** Source records follows **

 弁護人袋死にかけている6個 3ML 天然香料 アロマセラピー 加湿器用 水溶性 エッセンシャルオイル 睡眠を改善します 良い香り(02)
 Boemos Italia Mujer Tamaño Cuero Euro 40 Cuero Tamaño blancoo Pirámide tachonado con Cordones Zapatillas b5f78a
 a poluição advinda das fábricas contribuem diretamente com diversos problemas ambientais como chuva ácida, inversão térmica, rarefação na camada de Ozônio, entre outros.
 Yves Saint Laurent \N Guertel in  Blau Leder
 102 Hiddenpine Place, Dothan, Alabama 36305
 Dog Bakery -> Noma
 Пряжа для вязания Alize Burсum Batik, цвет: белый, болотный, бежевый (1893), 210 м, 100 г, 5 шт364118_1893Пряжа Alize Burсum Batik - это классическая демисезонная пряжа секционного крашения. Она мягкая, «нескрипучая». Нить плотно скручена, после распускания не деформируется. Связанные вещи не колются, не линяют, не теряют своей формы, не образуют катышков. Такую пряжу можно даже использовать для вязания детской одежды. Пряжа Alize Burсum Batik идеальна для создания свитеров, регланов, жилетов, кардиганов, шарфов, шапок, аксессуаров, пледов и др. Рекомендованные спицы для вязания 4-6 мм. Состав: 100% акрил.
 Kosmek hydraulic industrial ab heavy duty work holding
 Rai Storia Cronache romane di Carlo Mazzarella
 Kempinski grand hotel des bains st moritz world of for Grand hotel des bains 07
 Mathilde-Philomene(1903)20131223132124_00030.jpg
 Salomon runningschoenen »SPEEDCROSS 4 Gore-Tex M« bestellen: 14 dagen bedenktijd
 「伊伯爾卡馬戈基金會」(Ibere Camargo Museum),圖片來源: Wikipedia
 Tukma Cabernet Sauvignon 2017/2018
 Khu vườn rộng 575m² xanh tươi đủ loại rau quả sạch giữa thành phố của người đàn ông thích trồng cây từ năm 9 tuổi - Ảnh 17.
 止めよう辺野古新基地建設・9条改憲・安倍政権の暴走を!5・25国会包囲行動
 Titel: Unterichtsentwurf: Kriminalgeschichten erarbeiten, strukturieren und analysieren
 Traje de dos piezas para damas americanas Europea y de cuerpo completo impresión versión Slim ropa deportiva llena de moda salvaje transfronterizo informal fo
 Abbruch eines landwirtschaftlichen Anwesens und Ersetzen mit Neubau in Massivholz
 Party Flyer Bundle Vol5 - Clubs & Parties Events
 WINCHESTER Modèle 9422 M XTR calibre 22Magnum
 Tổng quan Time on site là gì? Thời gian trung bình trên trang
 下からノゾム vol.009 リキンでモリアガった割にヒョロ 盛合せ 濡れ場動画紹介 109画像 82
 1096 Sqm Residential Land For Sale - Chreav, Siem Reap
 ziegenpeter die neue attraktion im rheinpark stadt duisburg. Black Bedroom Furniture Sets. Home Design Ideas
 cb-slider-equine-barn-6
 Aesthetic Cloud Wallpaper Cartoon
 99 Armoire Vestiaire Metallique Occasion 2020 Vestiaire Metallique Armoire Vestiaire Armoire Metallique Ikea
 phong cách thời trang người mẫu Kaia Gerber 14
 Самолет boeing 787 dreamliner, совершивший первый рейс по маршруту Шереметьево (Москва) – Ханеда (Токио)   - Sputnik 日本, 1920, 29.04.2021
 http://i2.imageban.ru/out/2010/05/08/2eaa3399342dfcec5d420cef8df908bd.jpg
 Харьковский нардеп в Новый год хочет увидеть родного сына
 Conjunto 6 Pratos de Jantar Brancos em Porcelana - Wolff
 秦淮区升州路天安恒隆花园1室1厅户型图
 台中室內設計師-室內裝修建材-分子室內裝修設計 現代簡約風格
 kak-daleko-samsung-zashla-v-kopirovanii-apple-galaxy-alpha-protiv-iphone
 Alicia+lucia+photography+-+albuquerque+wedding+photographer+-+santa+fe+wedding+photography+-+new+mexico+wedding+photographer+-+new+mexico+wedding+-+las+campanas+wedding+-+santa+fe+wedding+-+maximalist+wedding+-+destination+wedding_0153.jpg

** End of Source records **

#### [About this task]
Lines in the data that hold "trang" must be located and copied.

#### [Solution for this exercise]
 Tổng quan Time on site là gì? Thời gian trung bình trên trang
 phong cách thời trang người mẫu Kaia Gerber 14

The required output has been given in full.